Gentrifizierung in Berlin-Kreuzberg: Gemüseladen im Wrangelkiez droht das Aus

Nachdem das Haus in der Wrangelstraße 77 einen neuen Besitzer hat, soll einer der der ältesten Gemüseläden im Kiez schließen. Die Anwohner treibt das auf die Straße - sie wollen, dass der traditionsreiche Laden bleibt.

In den Fenstern der Zeitungsläden, Köftebuden und Geschäften rund um die Wrangelstraße 77 kleben gelb-grüne Aufkleber. Ein großes Transparent mit der Aufschrift „Bizim Bakkal bleibt – wir auch“ ist über die ganze Straße gespannt. An den vergangenen drei Mittwochen hat sich die Wrangelstraße in einen Versammlungs- und Kundgebungsort verwandelt. Die Anwohner protestieren gegen die Kündigung des Mietvertrages für den Obst- und Gemüseladen Bizim Bakkal, der seit 28 Jahren und mittlerweile schon in der dritten Generation geführt wird.

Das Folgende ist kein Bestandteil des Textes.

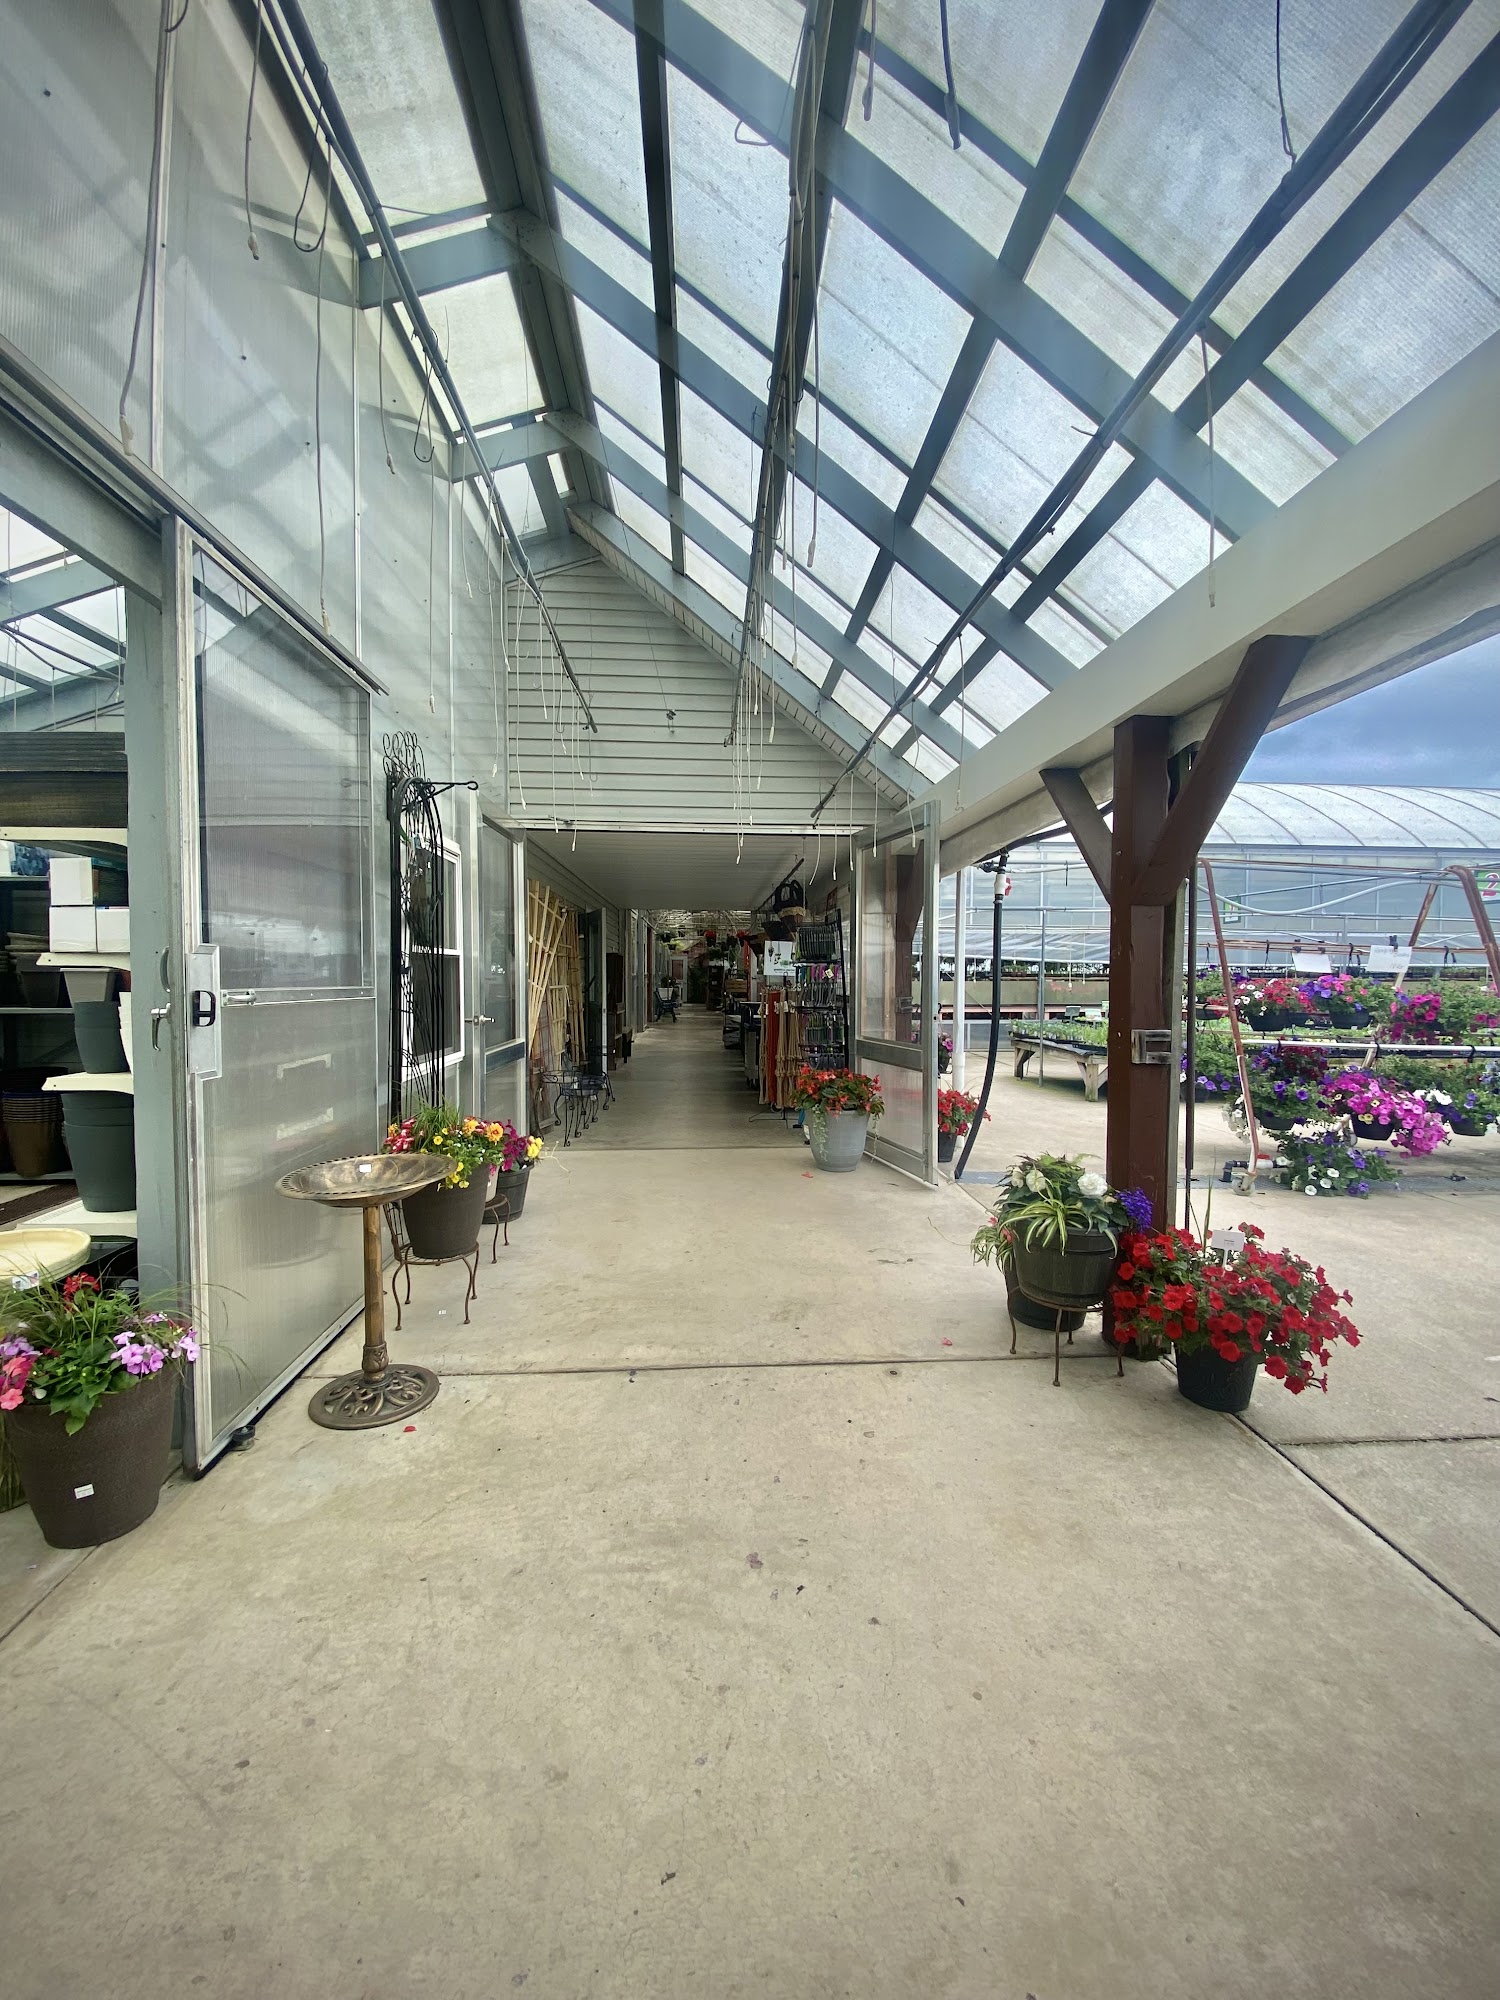 Peachey's Greenhouse 2434 W Back Mountain Rd, Belleville Pennsylvania 17004

Gerüchte von renovierten Eigentumswohnungen

Vor einem Jahr hat Ahmet Caliskan noch die ganze rechte Seite seines Obst- und Gemüseladens renoviert, inklusive Kühlräume. Insgesamt hat er in den 28 Jahren, in denen seine Familie das Geschäft führt, mehrere zehntausend Euro in „Bizim Bakkal“ gesteckt. Der Laden gilt als der letzte Gemüsehändler im Kiez, der vom Inhaber geführt wird und nicht zu einer Kette gehört. Im März kam dann plötzlich die Kündigung – ein Grund wurde nicht genannt.

Die Wrangelstraße 77 hat aber einen neuen Eigentümer – es heißt, er wolle alle Räumlichkeiten im Haus renovieren. Von den anderen Mietern im Haus hat Caliskan gehört, dass für das Haus Eigentumswohnungen geplant seien. Gesehen oder gesprochen habe er den neuen Besitzer aber nie.

Die neue Hausverwaltung des Gebäudes ging weder auf Caliskans Vorschlag ein, eine höhere Miete zu zahlen, noch auf ein Kaufangebot für den Laden. Für einen Kommentar war die Verwaltung am Donnerstag nicht zu erreichen.

Des Eigentümers "gutes" Recht

Baustadtrat Hans Panhoff hat den neuen Eigentümer per Mail darum gebeten, „dass er die Kündigung für den Laden noch mal überdenkt“. Eine Rückmeldung stehe noch aus. Mehr als das könne Panhoff für Caliskan im Moment nicht tun – schließlich ist es das Recht des Eigentümers, dem Gemüsehändler zu kündigen. Erst wenn der neue Eigentümer Grundrissänderungen in den einzelnen Wohnungen des Hauses vornehmen will, zum Beispiel große Balkone an- oder zusätzliche Badezimmer einbauen will, könnte der sogenannte Milieuschutz zum Einsatz kommen. Durch die Verordnung kann eine Luxussanierung der Wohnungen verhindert werden, die dazu führen würde, dass die Wohnungen teurer verkauft oder vermietet werden könnten.

Das Aktionsbündnis, das sich nun jeden Mittwoch um 19 Uhr vor dem Bizim Bakkal trifft, will verhindern, dass der Gemüseladen aus dem Kiez verschwinden muss. In verschiedenen Arbeitsgruppen überlegen die Freunde, Nachbarn und Kunden von Caliskan, wie sie den Ladeninhaber unterstützen – oder den Eigentümer doch noch erweichen können.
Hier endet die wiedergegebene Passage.